··· Provided material
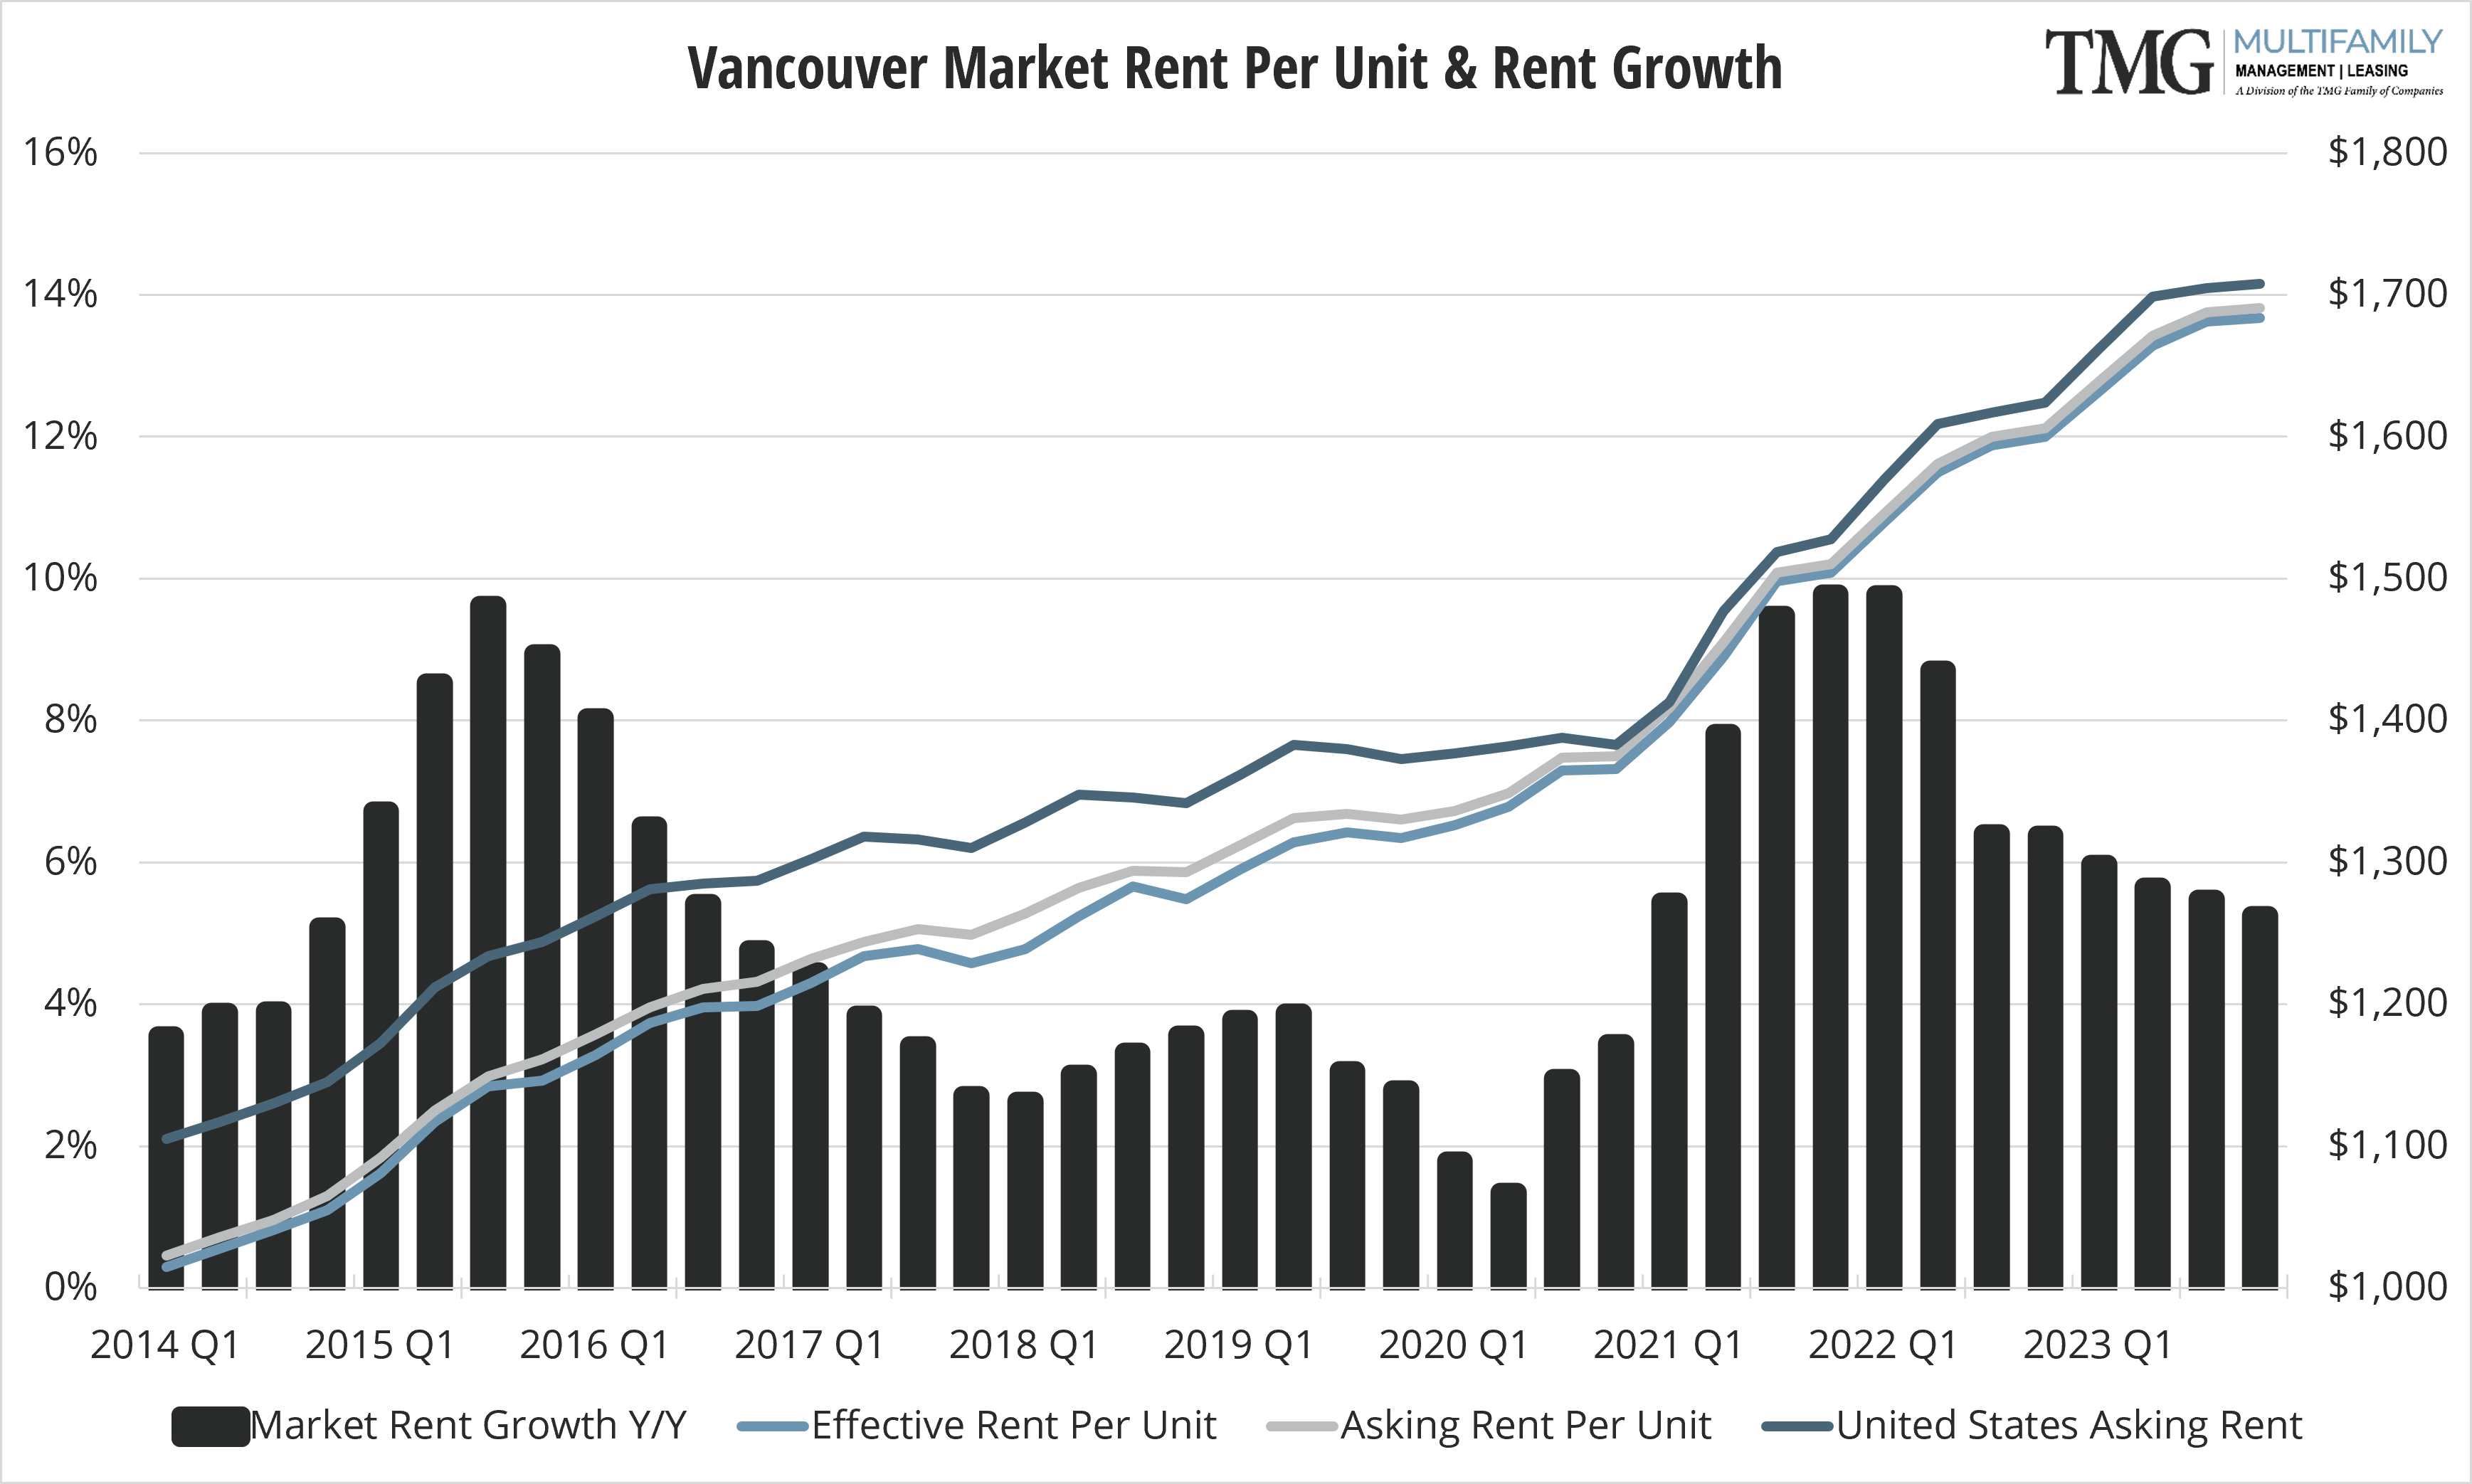 Vancouver Q4 Market Rent Per Unit and Rent Growth
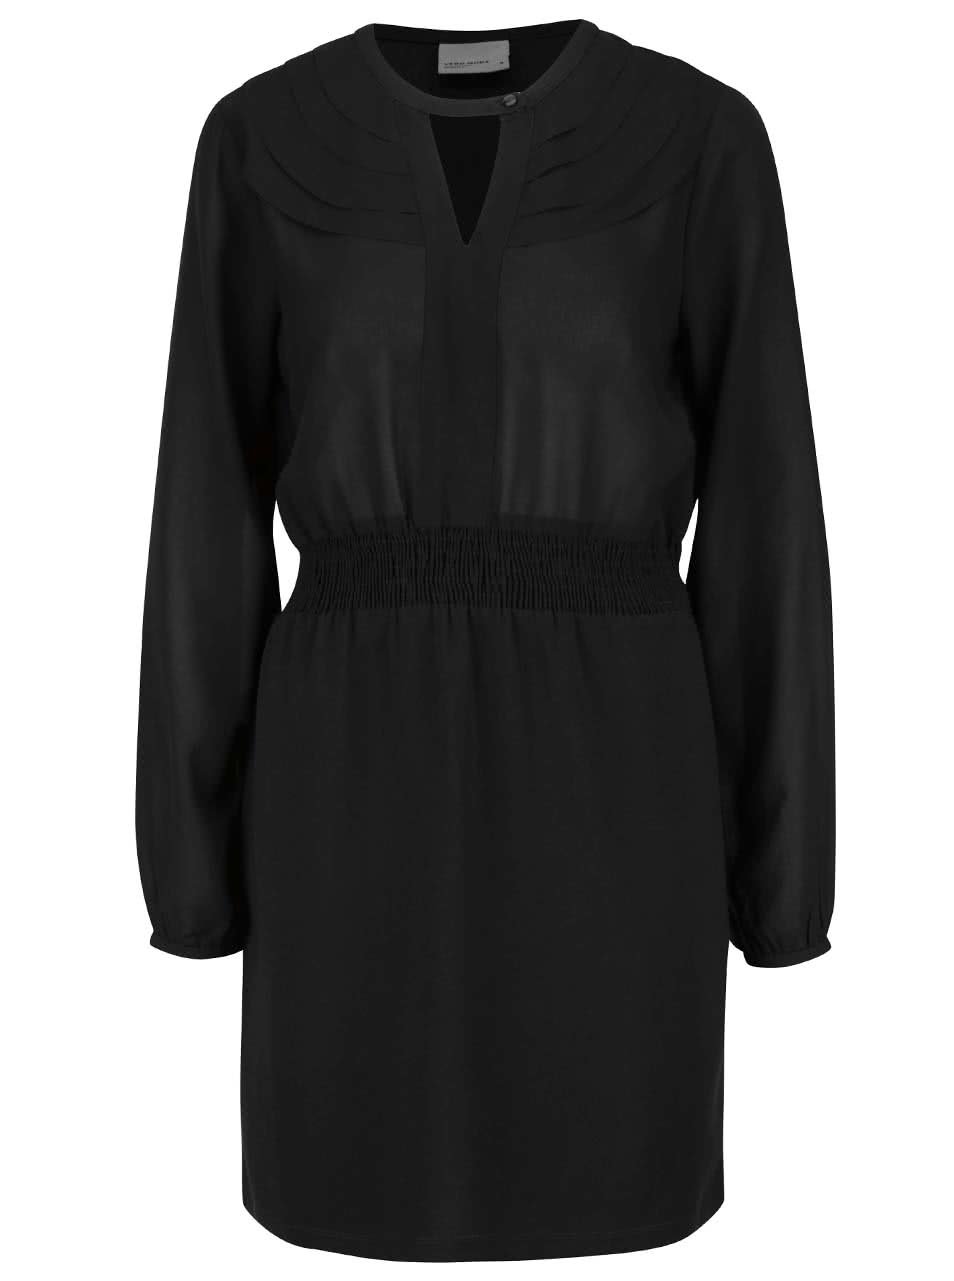 Černé šaty s dlouhým rukávem a knoflíkem v dekoltu Vero Moda Lova
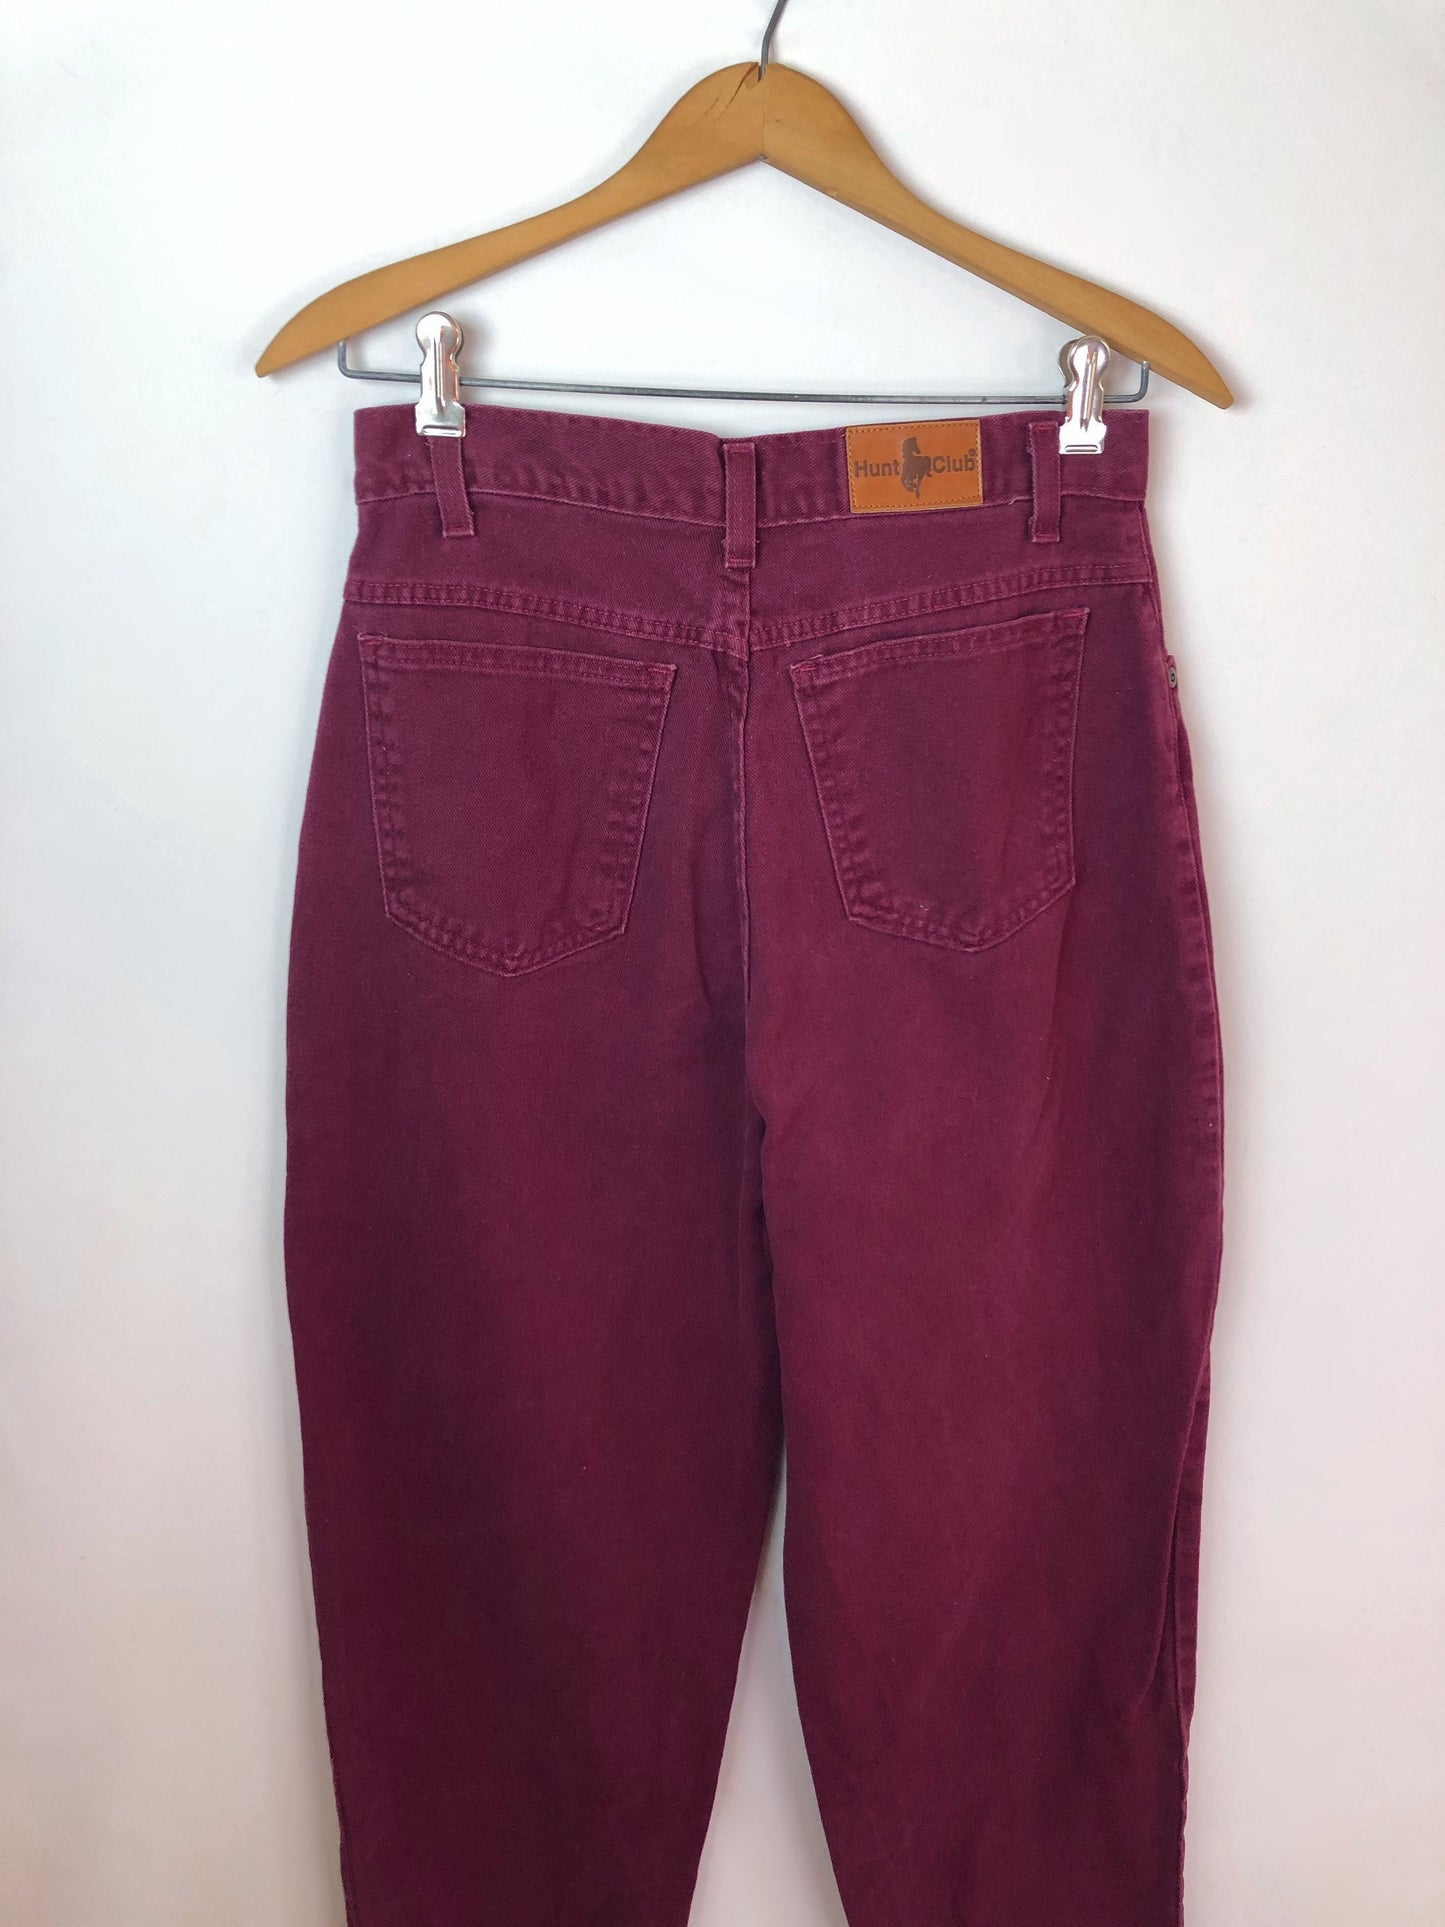 Wms Vintage 90’s Hunt Club Wine Bordeaux 5 Pocket Colored Denim High Waisted Jeans Size 4/6
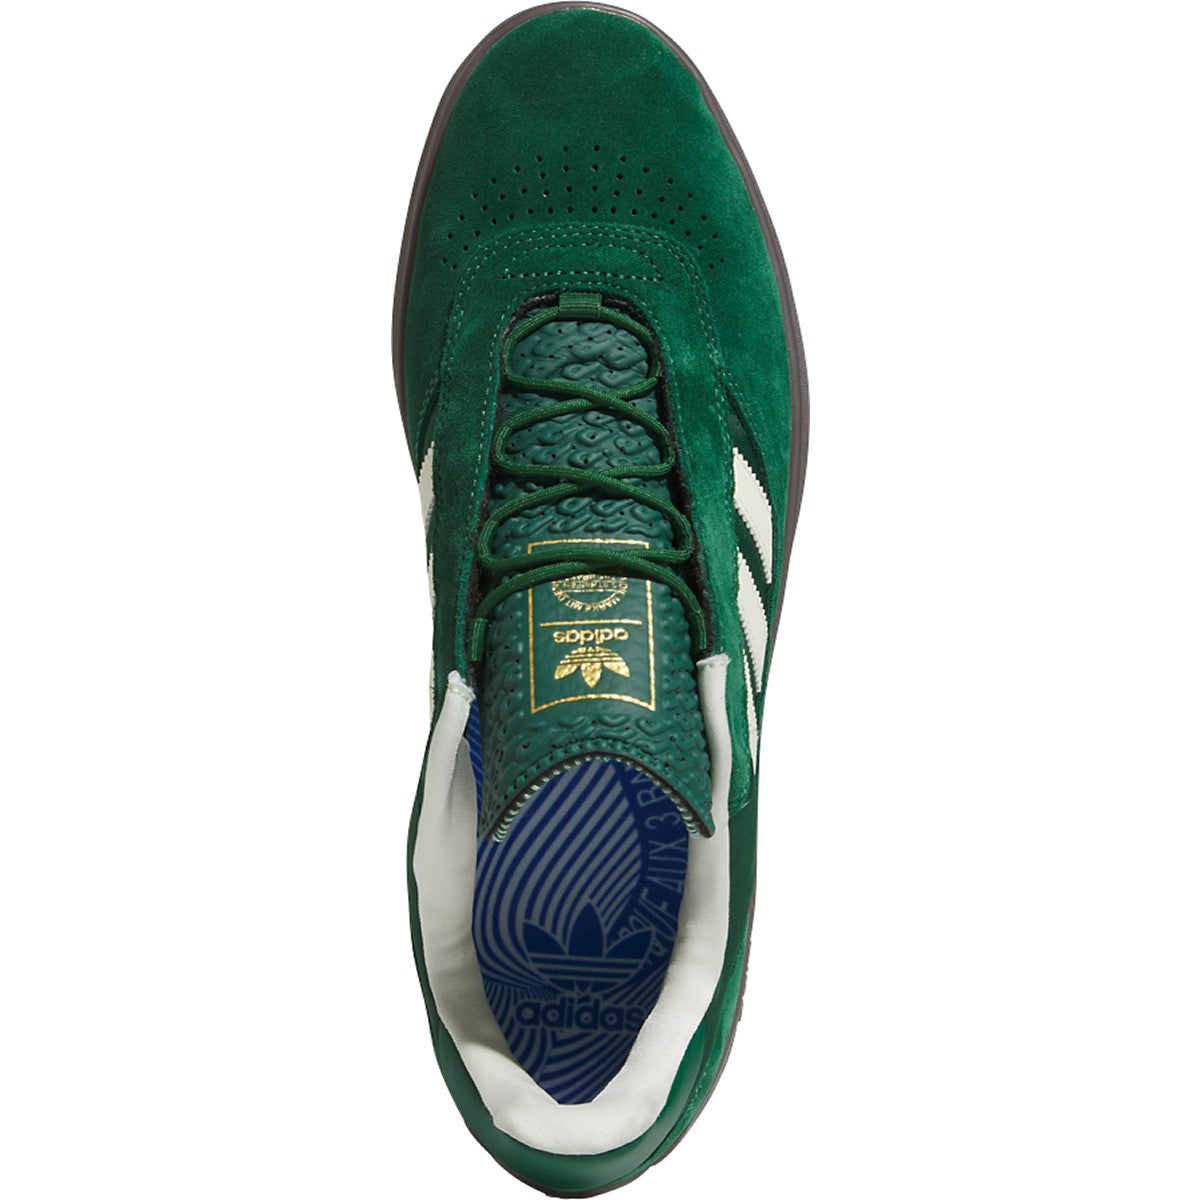 Dark Green/Gum Puig Adidas Skate Shoe Top
······
> _What you need to do_
Return the listing above in an exact copy that leaves out the images.

> _Reply to the task_
 Vancouver Q4 Market Rent Per Unit and Rent Growth
 Černé šaty s dlouhým rukávem a knoflíkem v dekoltu Vero Moda Lova
 Wms Vintage 90’s Hunt Club Wine Bordeaux 5 Pocket Colored Denim High Waisted Jeans Size 4/6
 Dark Green/Gum Puig Adidas Skate Shoe Top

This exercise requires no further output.